И тут словно злобный бесенок дернул меня за язык: - Слушай, Лёнчик, - сказала я, - ты должно быть меценатствуешь при таких-то деньгах... Одолжи мне пару миллионов. Это ведь сейчас - что грязь. Ты их, наверное, каждый день нагреваешь на каких-нибудь финансовых штуках. А я женщина нищая, античностью же много не заработаешь. У меня книжка в издательстве застряла, деньги нужны. Я тебе с продажи отдам. Ей-богу, до копейки, только, если можно, без процентов, проценты я не потяну.

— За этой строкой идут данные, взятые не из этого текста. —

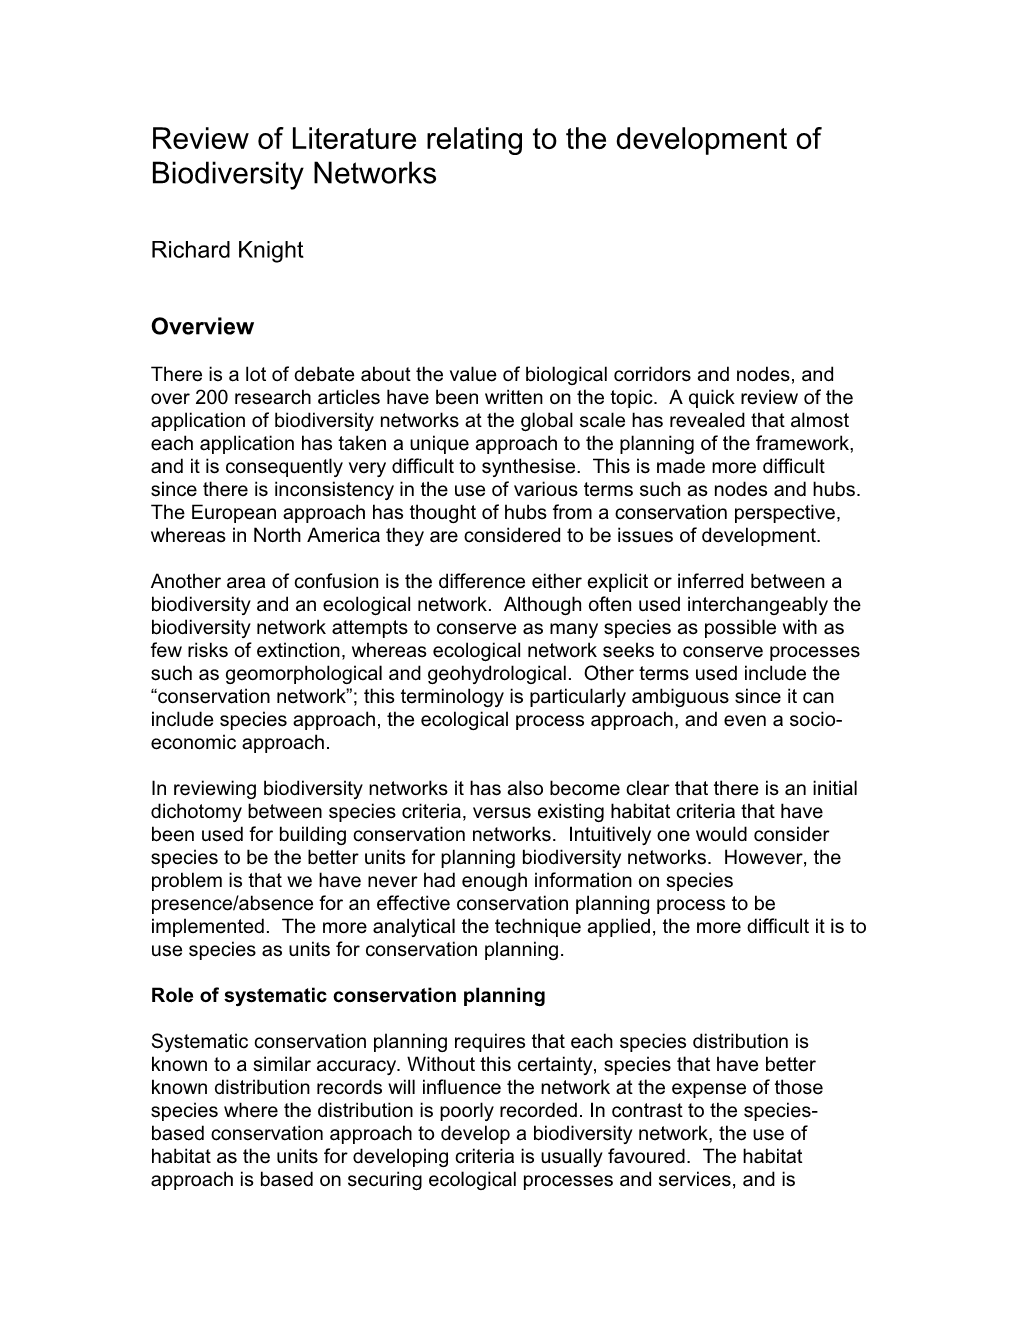 Review of Literature Relating to the Development of Biodiversity Networks

Его лицо изменилось мгновенно. Только что приветли­вое, с мягким полупечальным взглядом, оно засохло в не­уловимую долю секунды и стянулось в какую-то стран­ную маску, похожую на истукана с острова Пасхи. Это было третье лицо, какое я знала у него: сначала - роман­тического юноши, потом - преуспевающего бизнесмена и теперь – осторожного и опасливого дельца, учуявшего, что его деньгам грозит опасность. Он еще не заговорил, а я уже знала, что он не даст ни рубля. Какие там бриллианты знакомым дамам! Даже если я буду умирать, он не потратится на лекарство из своего ап­течного оборота, потому что какая ему теперь от меня польза? Жизнь течет как река, и ничто не возвращается, напротив, все утрачивает цену. В мире нет духа, а есть лишь золотой телец, он-то и позволяет кое-как жить духу в антикварных библиотеках и кабинетных роялях.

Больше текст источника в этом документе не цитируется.